Simulating Planetesimal Formation in the Kuiper Belt and Beyond
Rixin Li, University of Arizona
A critical step in planet formation is to build super-km-sized planetesimals in protoplanetary disks. The origin and demographics of planetesimals are crucial to understanding the Solar System, circumstellar disks, and exoplanets. I will overview the current status of planetesimal formation theory. Specifically, I will present our recent simulations of planetesimal formation by the streaming instability, a mechanism to aerodynamically concentrate pebbles in protoplanetary disks. I will then discuss the connections between our numerical models and recent astronomical observations and Solar System explorations. I will explain why all planetesimals likely formed as binaries.
Protoplanetary disk rotation curves and the kinematic detection of protoplanets
Simon Casassus, Universidad de Chile
Direct detections of protoplanets still embedded in a gaseous protoplanetary disk have been remarkably elusive in their thermal-IR radiation. Yet most models for the structures observed in disks involve planet/disk interactions. The gas and dust density fields are thus appealing proxies to trace embedded bodies, but they are not sufficient to ascertain a planetary origin. New hopes for protoplanet detection come from the disk kinematics, which should also bear their dynamical imprint. The last couple of years have seen the first indirect detection of protoplanets, with the observation of small deviations from Keplerian rotation in molecular line channel maps, and their reproduction in hydrodynamical simulations. Can we use the gas kinematics directly to pin-point the location and measure the dynamical mass of giant planets? The theoretical velocity reversal along the wakes of a protoplanet should be observable as a Doppler-flip, provided that the background flow is adequately subtracted. This axially symmetric flow is a generalized rotation curve, including also the radial and vertical velocity components, which bear the imprint of accretion, winds, and of the theoretical meridional flows in the case of planet/disk interactions. I will present a technique to calculate disk rotation curves, with applications to ALMA long baseline data in HD100546 and in HD163296.

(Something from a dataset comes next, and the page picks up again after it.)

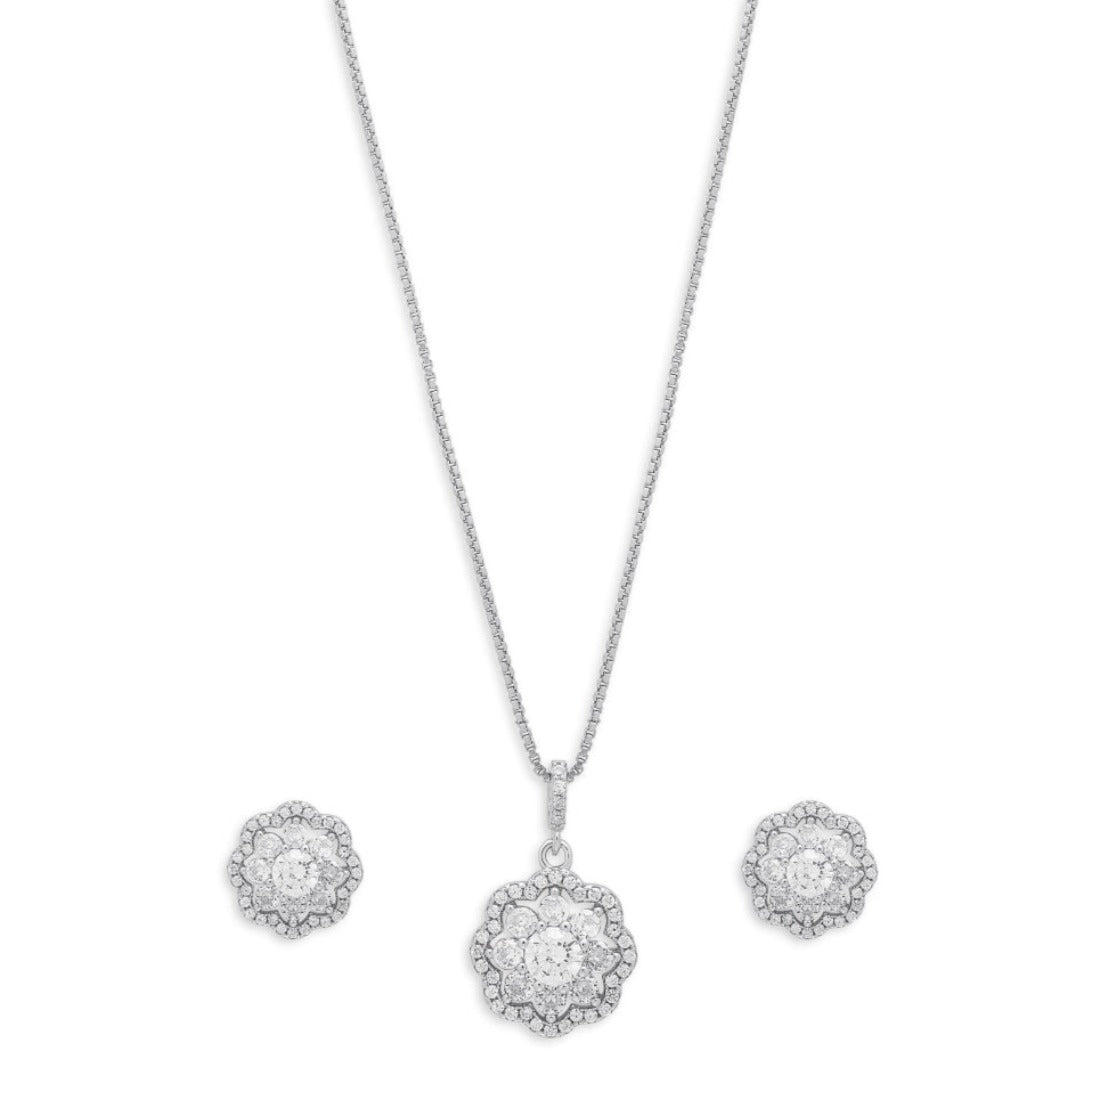 Radiant Blossom Rhodium Plated 925 Sterling Silver Jewelry Set

The Circumgalactic Medium at Cosmic Noon with KCWI
Nikole Nielsen, Swinburne University of Technology
The star formation history of the universe reveals that galaxies most actively build their stellar mass at cosmic noon (z=1-3), roughly 10 billion years ago, with a decrease toward present-day. The resulting metal-enriched material ejected from these galaxies due to supernovae and stellar feedback is deposited into the circumgalactic medium (CGM), which is a massive reservoir of diffuse, multiphase gas out to radii of 200 kpc. The CGM is the interface between the intergalactic medium and the galaxy, through which accreting filaments of near-pristine gas must pass to contribute new star formation material to the galaxy and outflowing gas is later recycled. Simulating these baryon cycle flows is crucial for accurately modeling galaxy evolution. While the CGM is well-studied at z<1, little attention has been paid to the reservoir when star formation is most active due to the difficulty in identifying the host galaxies. The installation of the Keck Cosmic Web Imager (KCWI), an integral field spectrograph, on Keck II has opened a new window to quickly identify galaxies via their Lyman alpha emission at this redshift. I will introduce a new survey to build a catalog of absorber-galaxy pairs at z=2-3 with KCWI. With the combination of HST images, high-resolution quasar spectra, and the cutting-edge KCWI data, this survey aims to examine CGM kinematics and metallicities and relate them to the host galaxy star formation rates and orientations to reveal the baryon cycle at cosmic noon. https://nmsu.zoom.us/j/96153330256
Transitioning to Industry from Academia,
A common career path for recent astronomy graduates with a PhD is data science, but it can be difficult to parse through the enormous amount of information on how exactly to transition to this career. I graduated from NMSU in 2019 and transitioned immediately to an industry career in data science. This talk will be a quick background on my career path, how students can get into data science, and what an industry career in data science actually looks like day-to-day.